She knuckled her brow. Even fewer after Signe died.

It had been a year since her only great-granddaughter had passed. She still mourned.

The Assembly was a shock. She hadn’t heard a thing. No-one had dropped a hint. No-one had muttered a warning in her ear.

I’m getting old, too. She ran her gaze over the crowd. The chamber was filling up, past the fourth set of pillars. Or distracted. Or both.

A distant rumbling. She cocked her head. She took out her pocket watch. It was a sturdy steel model she’d made years ago. She nodded. The noise above was the Circle line train on its way to Cannon Street Station. Right on time.
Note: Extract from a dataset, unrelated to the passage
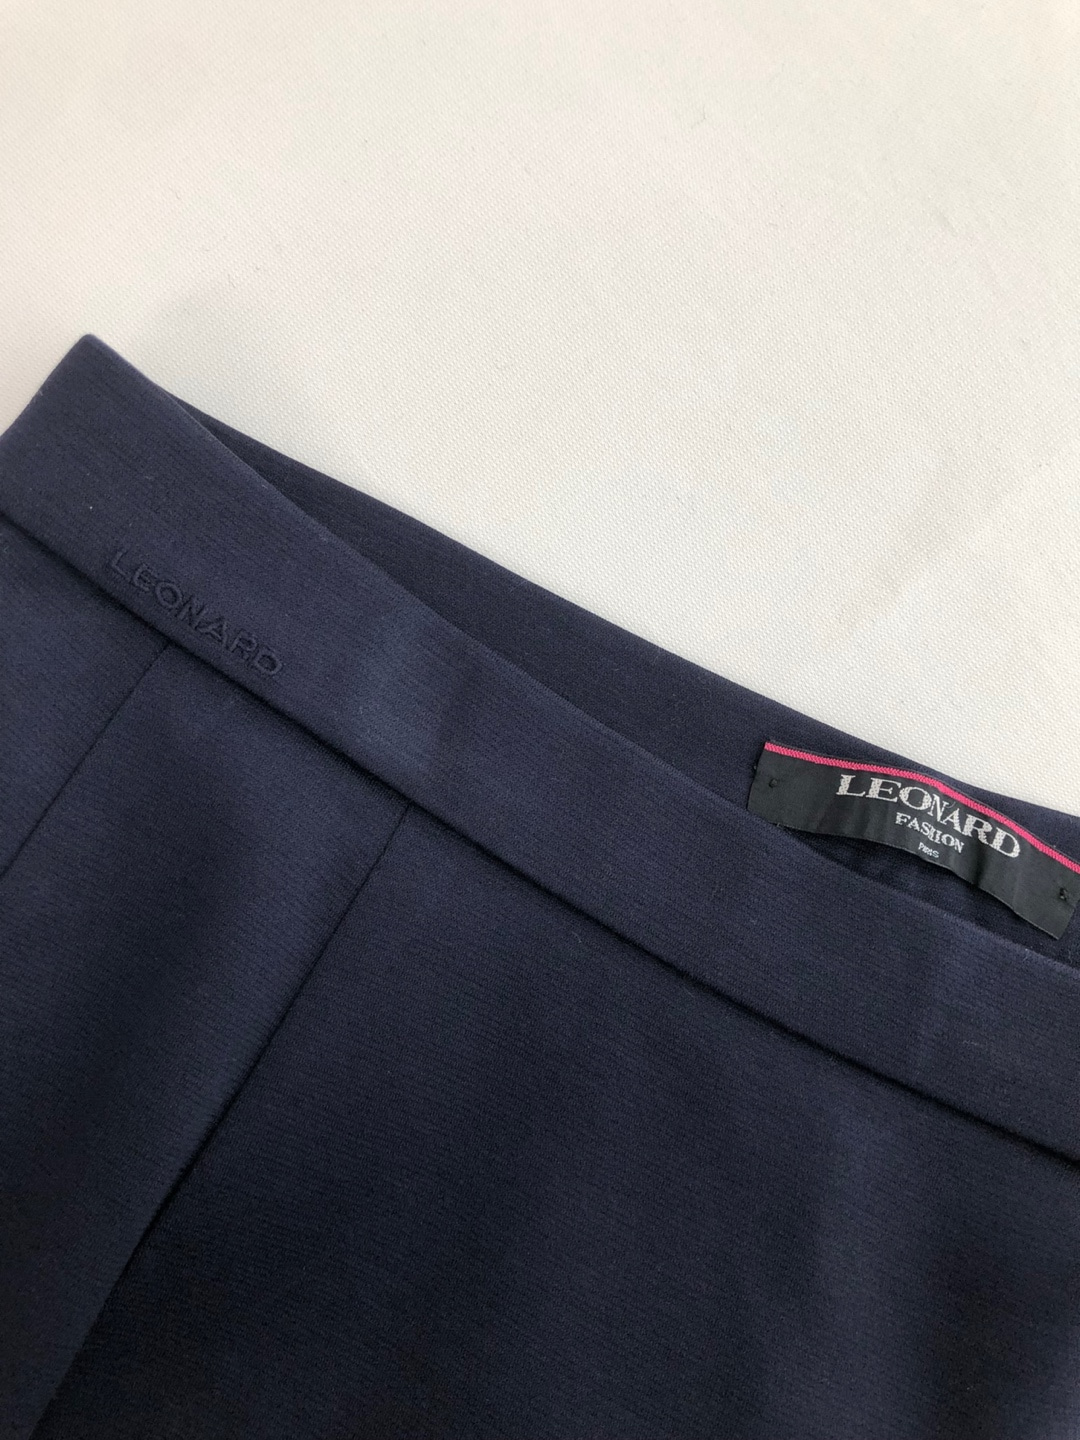 Leonard navy plain back slit skirt [28-30 inch]

The assembly chamber was four hundred years old. It was the first large space carved by the True People when they’d congregated under London. It was now at the heart of a complex that had grown into a maze. Families had added chambers, corridors and extensions wherever they were needed. When the Invaders had been digging tunnels for their underground railway it had been a worrying time, but the spaces the True People had opened out were deep. Far deeper than the puny delvings of the Invaders. Their efforts were scratchings and finished far overhead. Noise of the trains reminded the True People that their enemy was close. Damona thought this was a good thing. She didn’t mind the closeness of the Invaders. It meant that none of the True People would forget what they had done.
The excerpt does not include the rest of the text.